Well, he came to the right place. For sure, the only thing the pantry has is food.
“What’s the deal, Father John?”
“The Unity Riders are coming through here. The Dakota Nation representatives from Manitoba, Canada came together with the Two Row Wampum Renewal Campaign to partner between the Onondaga Nation and Neighbors of the Onondaga Nation. They’re coming with horses, riders, truckers, everything. Woodstock is going to be their base camp here while they make side trips to the United Nations, Washington, D.C., and several other places.”
“How many people are we looking at?”
“I think about twelve. But I won’t know until they get here.”
“Do you have anyone to cook the food?”
“Yeah. We’ve got a place for them to stay and we’ve got a chef.”
So, we got to work. Rich Allen figured out how much food they needed and we placed an order. We got in Miriam’s Well, Rich, Prasida and I, and drove up to the Food Bank and got it. We brought it in. At the moment we pulled up, Father John and his team with Chief Gus High Eagle of the Western Dakota Nation came in: men, women, children, horses, trucks pulling horse trailers.
Everyone was impressed with the men and the horses. And, they were a beautiful sight. Only, I also saw that the horses were really tired and so were the men. Both horses and men appeared to be drained spiritually and physically exhausted. This had been a very challenging spiritual ride.
The horses experienced much stress on this trip and would continue to experience the stress because they were the messengers of this momentous journey.
Father John and his team made a base camp at the Woodstock Riding Club. They transformed a barn into a commissary with freezers, refrigerators, and shelves to store dry goods. They built a teepee and two fire pits.
I was grateful to be a part of a pantry with a mission statement open enough to allow us to serve these people.

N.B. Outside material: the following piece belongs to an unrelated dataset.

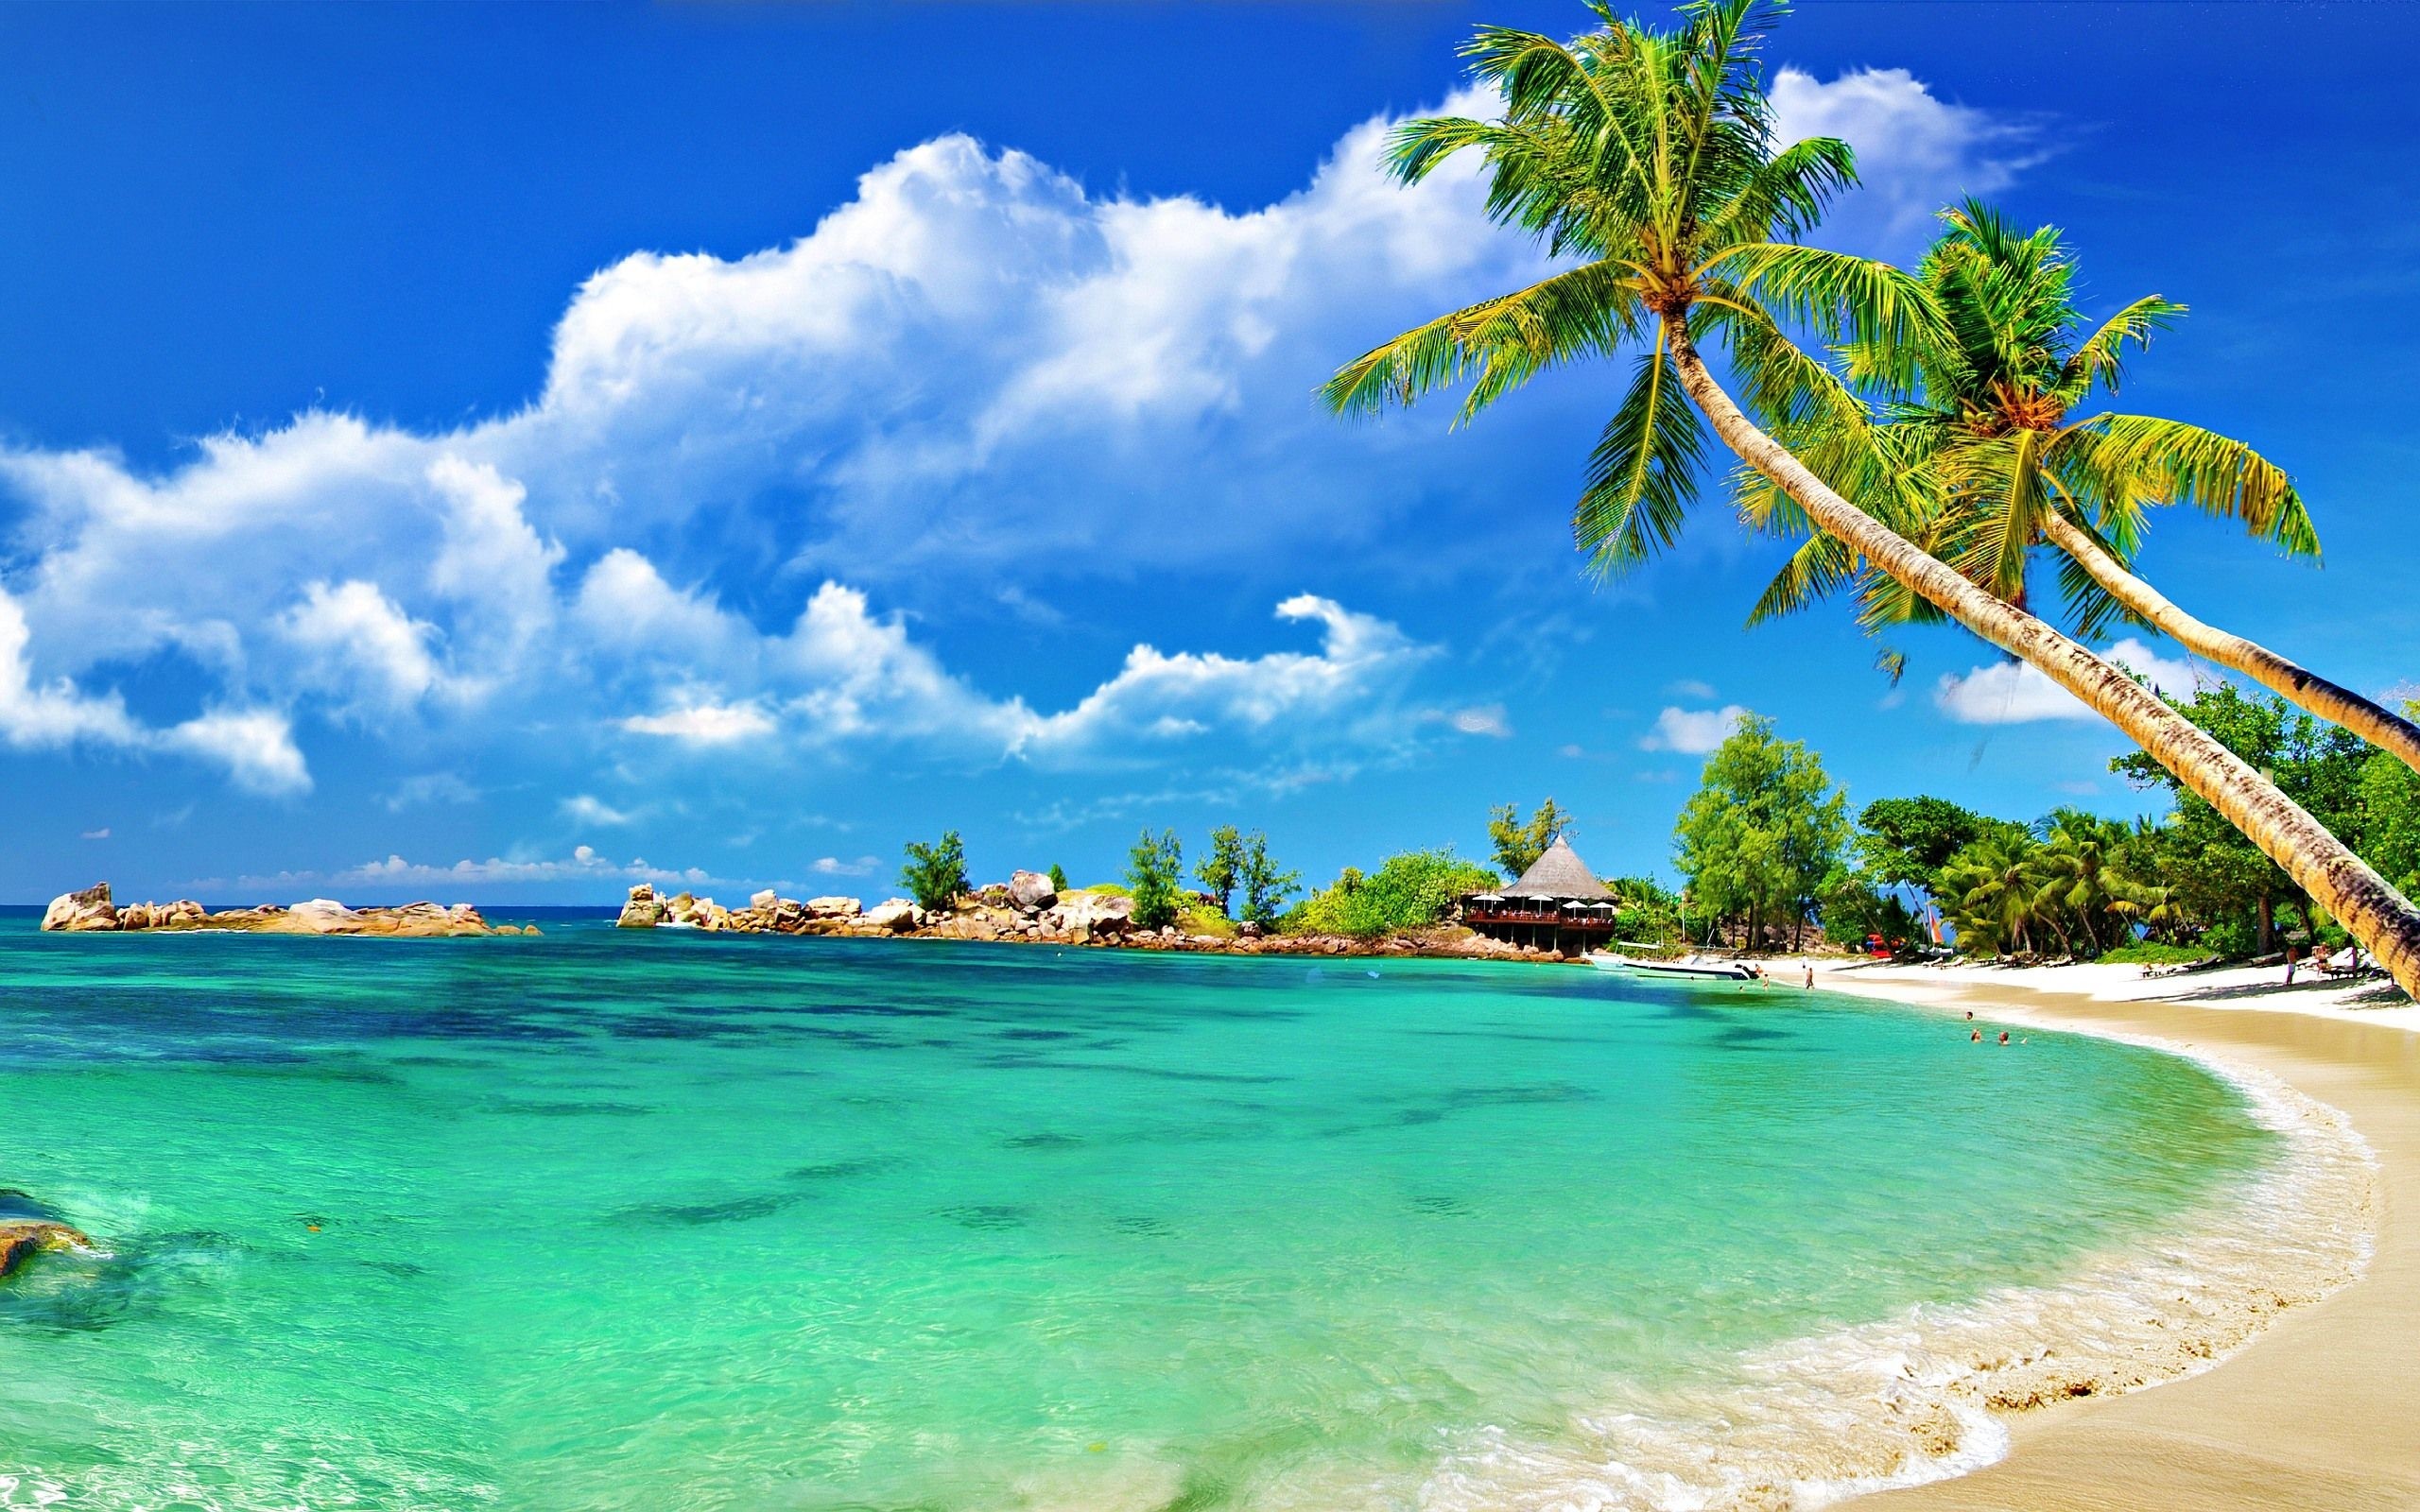 2560x1600 caribbean beach desktop wallpaper - Beach is the best place for enjoyment  It is a place

They traveled on this ride with a unifying message: to honor the bond that exists between all living creatures sharing this planet. The goal is to support one another, heal relationships between people, heal relationships between people and living things, to appreciate the beauty of our planet, and to create an environment where we can live in peace.

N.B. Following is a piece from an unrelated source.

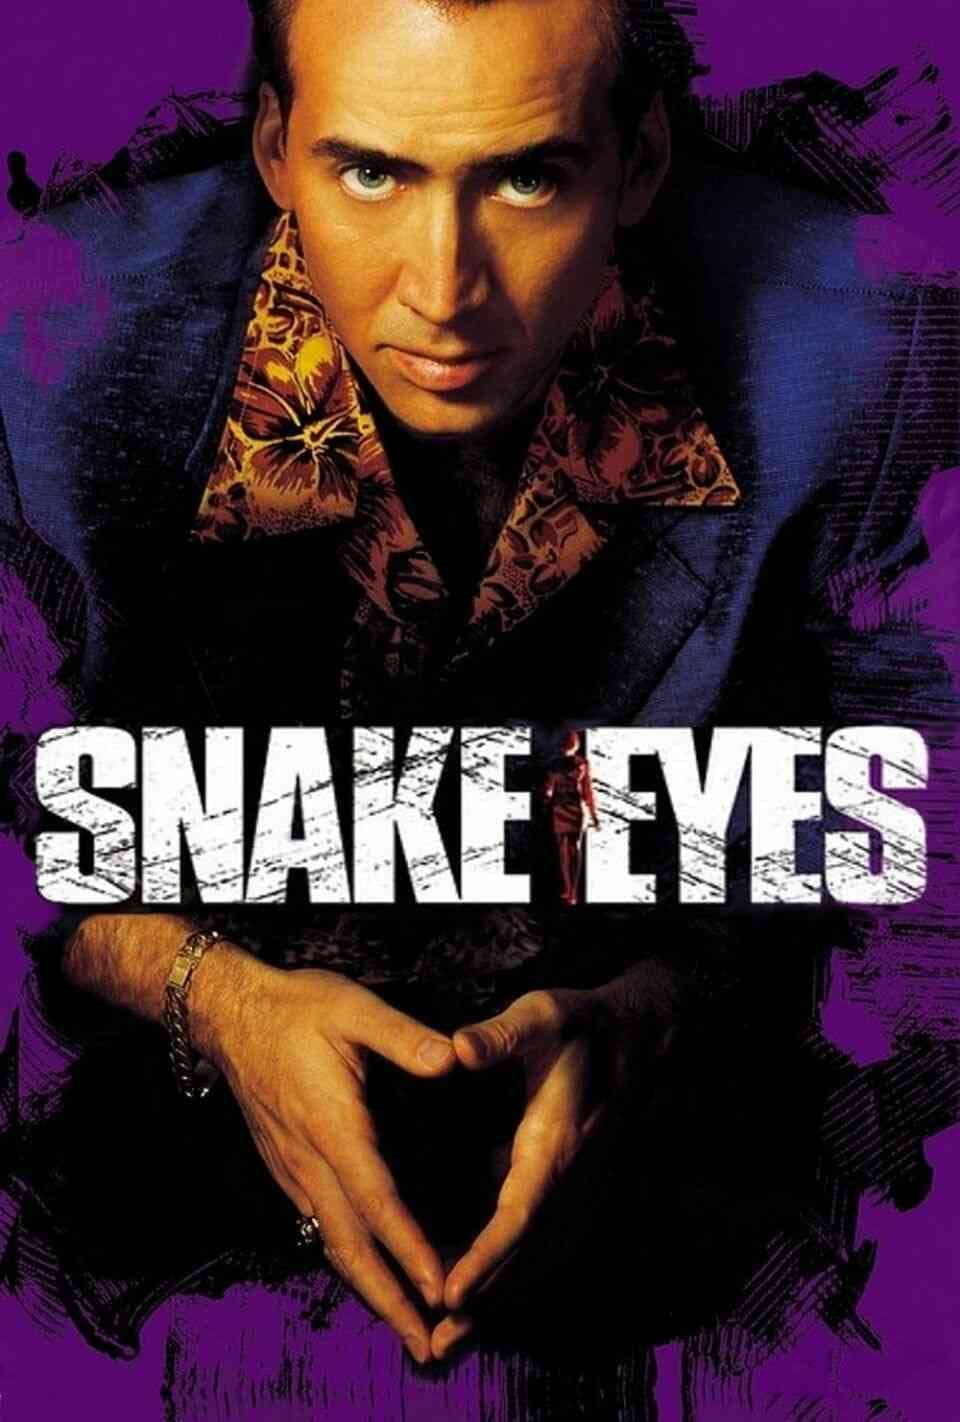 Read Snake Eyes screenplay (poster)

While in our area, the Unity Riders made side trips to Albany, Troy, Rosendale, Kingston, Beacon, and Poughkeepsie.
The first city to welcome the riders was Syracuse. Patrice Chang organized a ceremony at Dunbar House, one of the locations of the Underground Railroad.

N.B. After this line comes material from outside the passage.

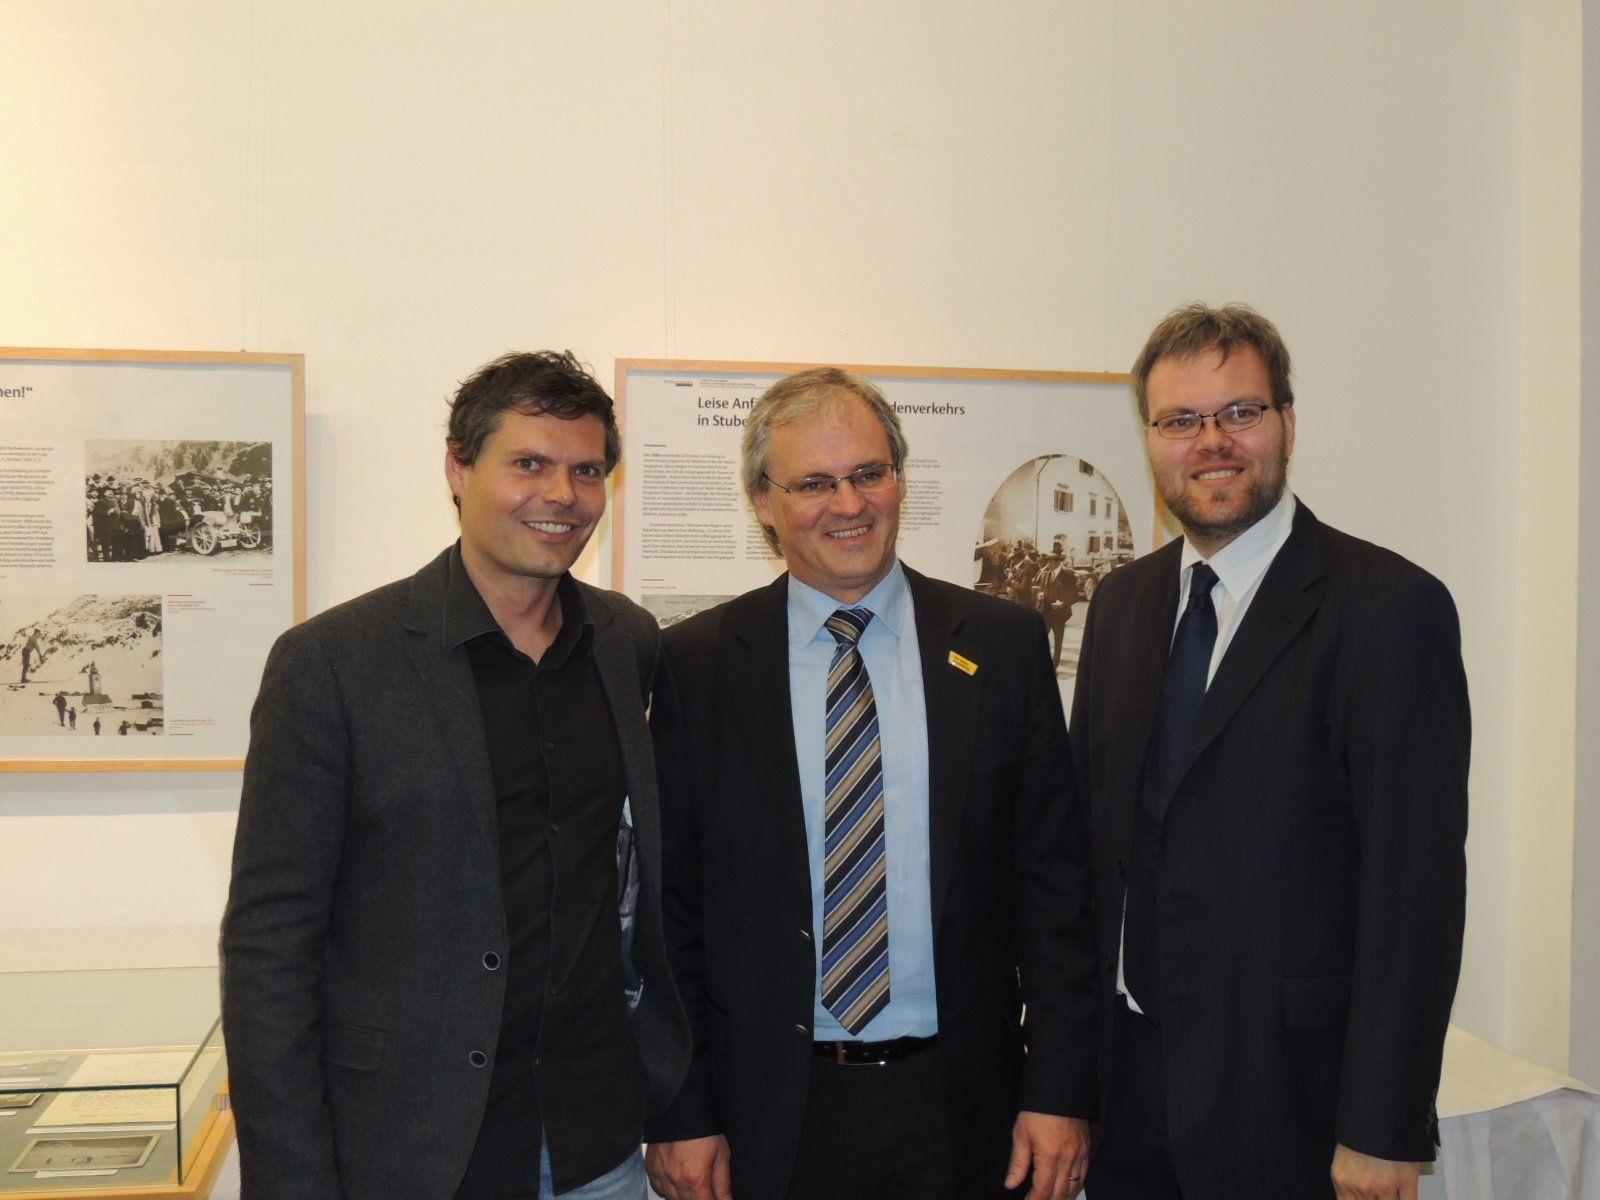 Archivar Oliver Heinzle, LR Sonderegger und Dr. Andreas Brugger

They also visited  Connecticut. While there, the Unity Riders met with families of those killed in the school massacre. The Dakotas understood the grief of the school members, testifying to reconciliation. They came with traditional prayer ties used to honor the dead. Children of the Dakota, Lakota, and Red Lake Tribes made these prayer ties in Minnesota for the surviving school children of the school massacre in Connecticut. They presented them to the children and then took the ties, attached to the horses’ bridles, on the Unity Ride to the U.N. The Native Americans brought prayer ties so riders could carry the spirits of the massacred children with them on their ride. The horses were the messengers here.  When  the ride was completed in August, the ties were returned and now adorn a large horse sculpture at the Second Connecticut Horse Garden. Several of these special ties were gifted to families surviving the massacre at a ceremony.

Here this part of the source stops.